Input material:
[Start of Attachment]
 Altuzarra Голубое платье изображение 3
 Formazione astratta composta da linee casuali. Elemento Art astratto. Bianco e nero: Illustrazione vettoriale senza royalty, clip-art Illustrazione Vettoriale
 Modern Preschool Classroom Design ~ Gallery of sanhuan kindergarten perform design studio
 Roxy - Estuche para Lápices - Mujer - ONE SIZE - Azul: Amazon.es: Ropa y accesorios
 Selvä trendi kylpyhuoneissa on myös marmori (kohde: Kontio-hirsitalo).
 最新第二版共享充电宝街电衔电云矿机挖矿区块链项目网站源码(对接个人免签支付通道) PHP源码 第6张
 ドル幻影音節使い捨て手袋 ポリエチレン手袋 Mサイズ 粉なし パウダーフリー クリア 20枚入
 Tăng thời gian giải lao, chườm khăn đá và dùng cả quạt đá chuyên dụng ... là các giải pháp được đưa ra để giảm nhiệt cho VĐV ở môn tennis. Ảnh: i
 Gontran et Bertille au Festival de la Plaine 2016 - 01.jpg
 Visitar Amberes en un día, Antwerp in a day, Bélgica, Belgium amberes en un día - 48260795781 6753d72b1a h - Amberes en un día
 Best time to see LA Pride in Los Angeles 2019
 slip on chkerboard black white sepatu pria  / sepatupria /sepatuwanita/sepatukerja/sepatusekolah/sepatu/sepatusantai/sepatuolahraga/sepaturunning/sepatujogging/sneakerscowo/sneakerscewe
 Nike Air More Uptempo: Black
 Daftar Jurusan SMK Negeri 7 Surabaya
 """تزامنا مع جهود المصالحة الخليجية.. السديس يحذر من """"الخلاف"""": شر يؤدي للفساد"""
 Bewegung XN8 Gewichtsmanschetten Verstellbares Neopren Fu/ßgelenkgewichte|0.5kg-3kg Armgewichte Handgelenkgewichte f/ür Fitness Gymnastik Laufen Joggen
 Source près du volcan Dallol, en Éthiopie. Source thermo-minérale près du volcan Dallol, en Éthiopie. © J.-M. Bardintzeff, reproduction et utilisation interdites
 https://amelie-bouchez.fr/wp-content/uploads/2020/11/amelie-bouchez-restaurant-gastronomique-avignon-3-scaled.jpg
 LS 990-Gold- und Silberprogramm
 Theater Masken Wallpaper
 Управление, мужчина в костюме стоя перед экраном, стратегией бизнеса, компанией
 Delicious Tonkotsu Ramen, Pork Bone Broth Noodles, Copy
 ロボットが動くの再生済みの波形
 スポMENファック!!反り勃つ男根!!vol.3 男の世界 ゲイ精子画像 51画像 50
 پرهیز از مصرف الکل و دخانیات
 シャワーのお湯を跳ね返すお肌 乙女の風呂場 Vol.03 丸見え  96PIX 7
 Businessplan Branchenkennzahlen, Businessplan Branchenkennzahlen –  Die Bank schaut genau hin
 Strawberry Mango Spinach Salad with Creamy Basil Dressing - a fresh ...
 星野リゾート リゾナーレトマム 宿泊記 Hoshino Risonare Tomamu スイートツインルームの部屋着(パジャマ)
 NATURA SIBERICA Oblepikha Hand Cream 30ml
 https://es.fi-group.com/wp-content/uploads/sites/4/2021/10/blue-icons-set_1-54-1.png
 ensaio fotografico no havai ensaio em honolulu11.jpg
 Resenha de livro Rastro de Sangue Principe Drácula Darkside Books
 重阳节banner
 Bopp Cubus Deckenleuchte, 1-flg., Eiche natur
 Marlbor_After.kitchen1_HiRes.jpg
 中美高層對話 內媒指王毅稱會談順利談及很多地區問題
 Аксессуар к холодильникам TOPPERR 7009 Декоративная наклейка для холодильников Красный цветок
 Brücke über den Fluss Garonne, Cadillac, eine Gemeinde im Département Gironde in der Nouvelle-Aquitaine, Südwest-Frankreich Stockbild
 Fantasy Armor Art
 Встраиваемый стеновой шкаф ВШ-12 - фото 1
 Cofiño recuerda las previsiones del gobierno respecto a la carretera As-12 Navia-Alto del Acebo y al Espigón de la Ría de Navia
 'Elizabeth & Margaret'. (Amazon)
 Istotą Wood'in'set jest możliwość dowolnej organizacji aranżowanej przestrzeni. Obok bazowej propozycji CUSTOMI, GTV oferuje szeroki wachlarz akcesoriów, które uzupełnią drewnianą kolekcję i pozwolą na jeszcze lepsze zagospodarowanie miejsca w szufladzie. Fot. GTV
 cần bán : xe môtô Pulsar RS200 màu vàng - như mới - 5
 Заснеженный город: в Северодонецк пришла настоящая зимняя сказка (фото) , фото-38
[End of Attachment]
Retype every record without alteration.

Finished task:
 Altuzarra Голубое платье изображение 3
 Formazione astratta composta da linee casuali. Elemento Art astratto. Bianco e nero: Illustrazione vettoriale senza royalty, clip-art Illustrazione Vettoriale
 Modern Preschool Classroom Design ~ Gallery of sanhuan kindergarten perform design studio
 Roxy - Estuche para Lápices - Mujer - ONE SIZE - Azul: Amazon.es: Ropa y accesorios
 Selvä trendi kylpyhuoneissa on myös marmori (kohde: Kontio-hirsitalo).
 最新第二版共享充电宝街电衔电云矿机挖矿区块链项目网站源码(对接个人免签支付通道) PHP源码 第6张
 ドル幻影音節使い捨て手袋 ポリエチレン手袋 Mサイズ 粉なし パウダーフリー クリア 20枚入
 Tăng thời gian giải lao, chườm khăn đá và dùng cả quạt đá chuyên dụng ... là các giải pháp được đưa ra để giảm nhiệt cho VĐV ở môn tennis. Ảnh: i
 Gontran et Bertille au Festival de la Plaine 2016 - 01.jpg
 Visitar Amberes en un día, Antwerp in a day, Bélgica, Belgium amberes en un día - 48260795781 6753d72b1a h - Amberes en un día
 Best time to see LA Pride in Los Angeles 2019
 slip on chkerboard black white sepatu pria  / sepatupria /sepatuwanita/sepatukerja/sepatusekolah/sepatu/sepatusantai/sepatuolahraga/sepaturunning/sepatujogging/sneakerscowo/sneakerscewe
 Nike Air More Uptempo: Black
 Daftar Jurusan SMK Negeri 7 Surabaya
 """تزامنا مع جهود المصالحة الخليجية.. السديس يحذر من """"الخلاف"""": شر يؤدي للفساد"""
 Bewegung XN8 Gewichtsmanschetten Verstellbares Neopren Fu/ßgelenkgewichte|0.5kg-3kg Armgewichte Handgelenkgewichte f/ür Fitness Gymnastik Laufen Joggen
 Source près du volcan Dallol, en Éthiopie. Source thermo-minérale près du volcan Dallol, en Éthiopie. © J.-M. Bardintzeff, reproduction et utilisation interdites
 https://amelie-bouchez.fr/wp-content/uploads/2020/11/amelie-bouchez-restaurant-gastronomique-avignon-3-scaled.jpg
 LS 990-Gold- und Silberprogramm
 Theater Masken Wallpaper
 Управление, мужчина в костюме стоя перед экраном, стратегией бизнеса, компанией
 Delicious Tonkotsu Ramen, Pork Bone Broth Noodles, Copy
 ロボットが動くの再生済みの波形
 スポMENファック!!反り勃つ男根!!vol.3 男の世界 ゲイ精子画像 51画像 50
 پرهیز از مصرف الکل و دخانیات
 シャワーのお湯を跳ね返すお肌 乙女の風呂場 Vol.03 丸見え  96PIX 7
 Businessplan Branchenkennzahlen, Businessplan Branchenkennzahlen –  Die Bank schaut genau hin
 Strawberry Mango Spinach Salad with Creamy Basil Dressing - a fresh ...
 星野リゾート リゾナーレトマム 宿泊記 Hoshino Risonare Tomamu スイートツインルームの部屋着(パジャマ)
 NATURA SIBERICA Oblepikha Hand Cream 30ml
 https://es.fi-group.com/wp-content/uploads/sites/4/2021/10/blue-icons-set_1-54-1.png
 ensaio fotografico no havai ensaio em honolulu11.jpg
 Resenha de livro Rastro de Sangue Principe Drácula Darkside Books
 重阳节banner
 Bopp Cubus Deckenleuchte, 1-flg., Eiche natur
 Marlbor_After.kitchen1_HiRes.jpg
 中美高層對話 內媒指王毅稱會談順利談及很多地區問題
 Аксессуар к холодильникам TOPPERR 7009 Декоративная наклейка для холодильников Красный цветок
 Brücke über den Fluss Garonne, Cadillac, eine Gemeinde im Département Gironde in der Nouvelle-Aquitaine, Südwest-Frankreich Stockbild
 Fantasy Armor Art
 Встраиваемый стеновой шкаф ВШ-12 - фото 1
 Cofiño recuerda las previsiones del gobierno respecto a la carretera As-12 Navia-Alto del Acebo y al Espigón de la Ría de Navia
 'Elizabeth & Margaret'. (Amazon)
 Istotą Wood'in'set jest możliwość dowolnej organizacji aranżowanej przestrzeni. Obok bazowej propozycji CUSTOMI, GTV oferuje szeroki wachlarz akcesoriów, które uzupełnią drewnianą kolekcję i pozwolą na jeszcze lepsze zagospodarowanie miejsca w szufladzie. Fot. GTV
 cần bán : xe môtô Pulsar RS200 màu vàng - như mới - 5
 Заснеженный город: в Северодонецк пришла настоящая зимняя сказка (фото) , фото-38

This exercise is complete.